While I support John McCain, there is a sense that this is a losing battle. He is a good man stuck with a party in disarray and a movement that was run off the rails by the same man he faced in 2000.
Allan Lichtman has a worthy piece up on Politico about how McCain is failing to ignite the conservatives and that no matter if he wins or loses, he will ultimately lose because the conservative era is at its nadir. Licthman writes on how McCain has bent himself into odd shapes to appease various factions of the GOP and not pleasing anybody. Because he is trying to shore up the base, Obama who has a thin resume and little to show for when it comes to bipartisanship, is coming off as the unifying figure. Litchman writes:
McCain is straining to appease a conservative movement that is too fragmented to be appeased. Like Humpty Dumpty after the fall, all the GOP’s horses and all the GOP’s men cannot put together again business and social conservatives, big- and small-government conservatives, tax-cutters and deficit hawks, and foreign adventurers and advocates of the humble foreign policy that Bush proposed in his 2000 campaign but quickly abandoned. McCain’s preoccupation with the right has let Obama, with his meager record of bipartisan accomplishment, emerge as the unifying figure in the presidential campaign, taking the place of the co-sponsor of the McCain-Feingold Act on campaign finance reform and the McCain-Kennedy bill on immigration reform.

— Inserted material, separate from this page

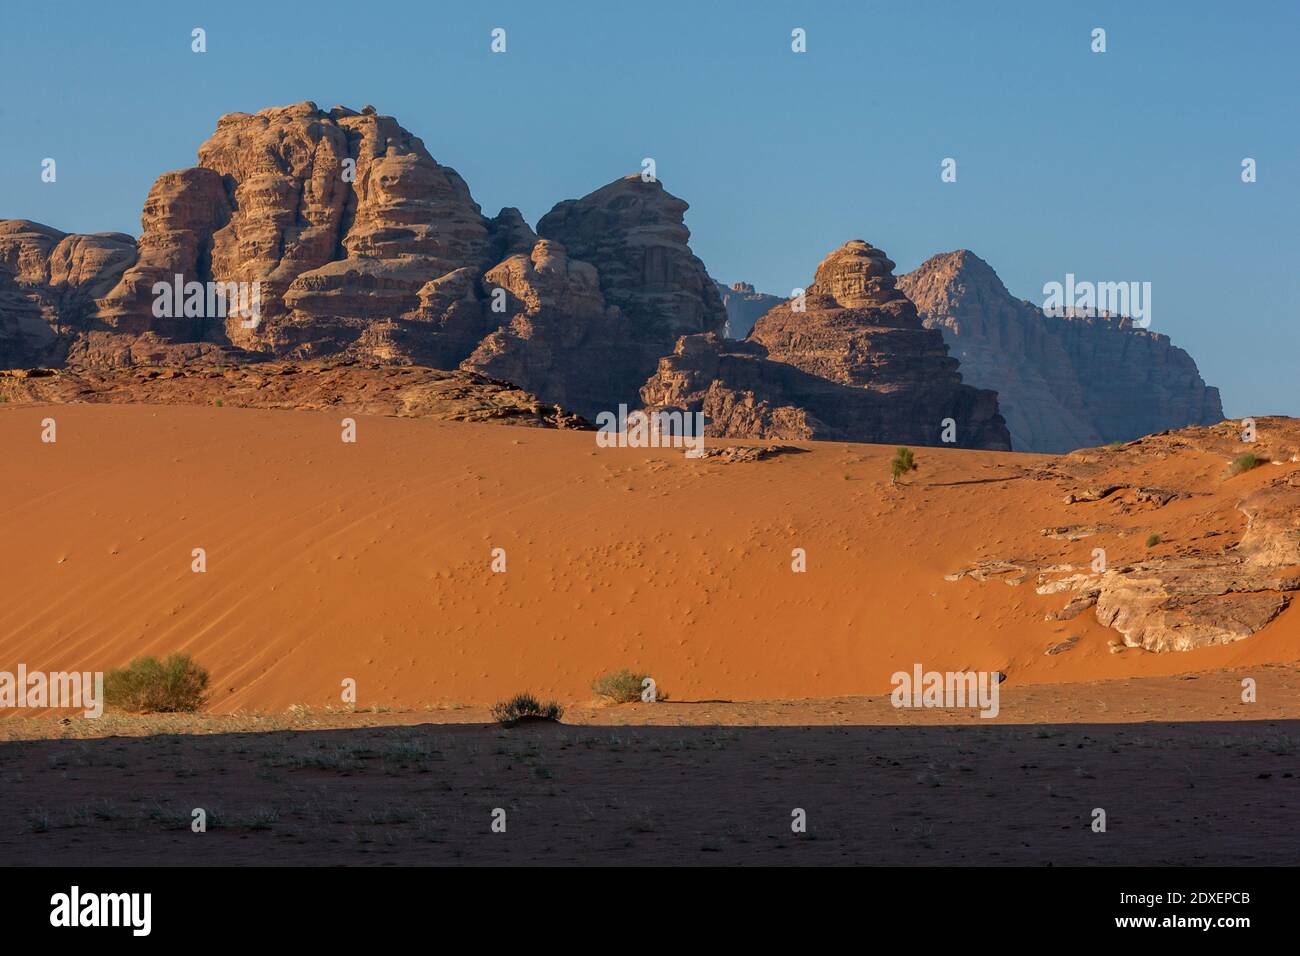 Die Sonne geht über einem Teil des Wadi Rum in Jordanien auf. Auch bekannt als das Tal des Mondes, ist Wadi Rum ein Tal, das in den Sandstein- und Granitfelsen geschnitten ist Stockfoto

He adds that even a McCain win would relegate the Senator to become a transitional figure ala Gerald Ford:
McCain’s defeat by the liberal Obama and the advent of a strengthened Democratic Congress would mark the end of the modern conservative era as clearly as President Franklin Roosevelt’s defeat of President Herbert Hoover in 1932 marked the end of the conservative 1920s. Even if McCain were to win the presidency, he would likely preside over a divided government and become a transitional figure in the evolution of American conservative politics, a Gerald Ford to some future Ronald Reagan.
Liberals are going to say good riddance to all that. After nearly 30 years in the wilderness, they are ready to take over and conservatives have no one to blame but themselves. Maybe during this period of wilderness they can decide what direction to take and actually develop a way to govern that was so lacking in the Bush years.
The funny thing about political eras is how each side thinks their ideology will be the permanent majority, pushing their adversaries into oblivion for eternity. But that doesn’t happen. It didn’t happen when the Democrats were in power from 1932 to 1980, it won’t happen now. Yes, one ideology will be dominant, but the fact is movements get old and start to crumble and die and are reborn again. There will be more liberal eras and conservative eras. And that’s okay by me. That’s what democracy should be about; an argument of ideas and sometimes one argument wins and sometimes the other one does. That’s what happens when the people rule.
My only wish is that conservatives will learn from this debacle called the Bush years and reform themselves. And boy do they need some reforming.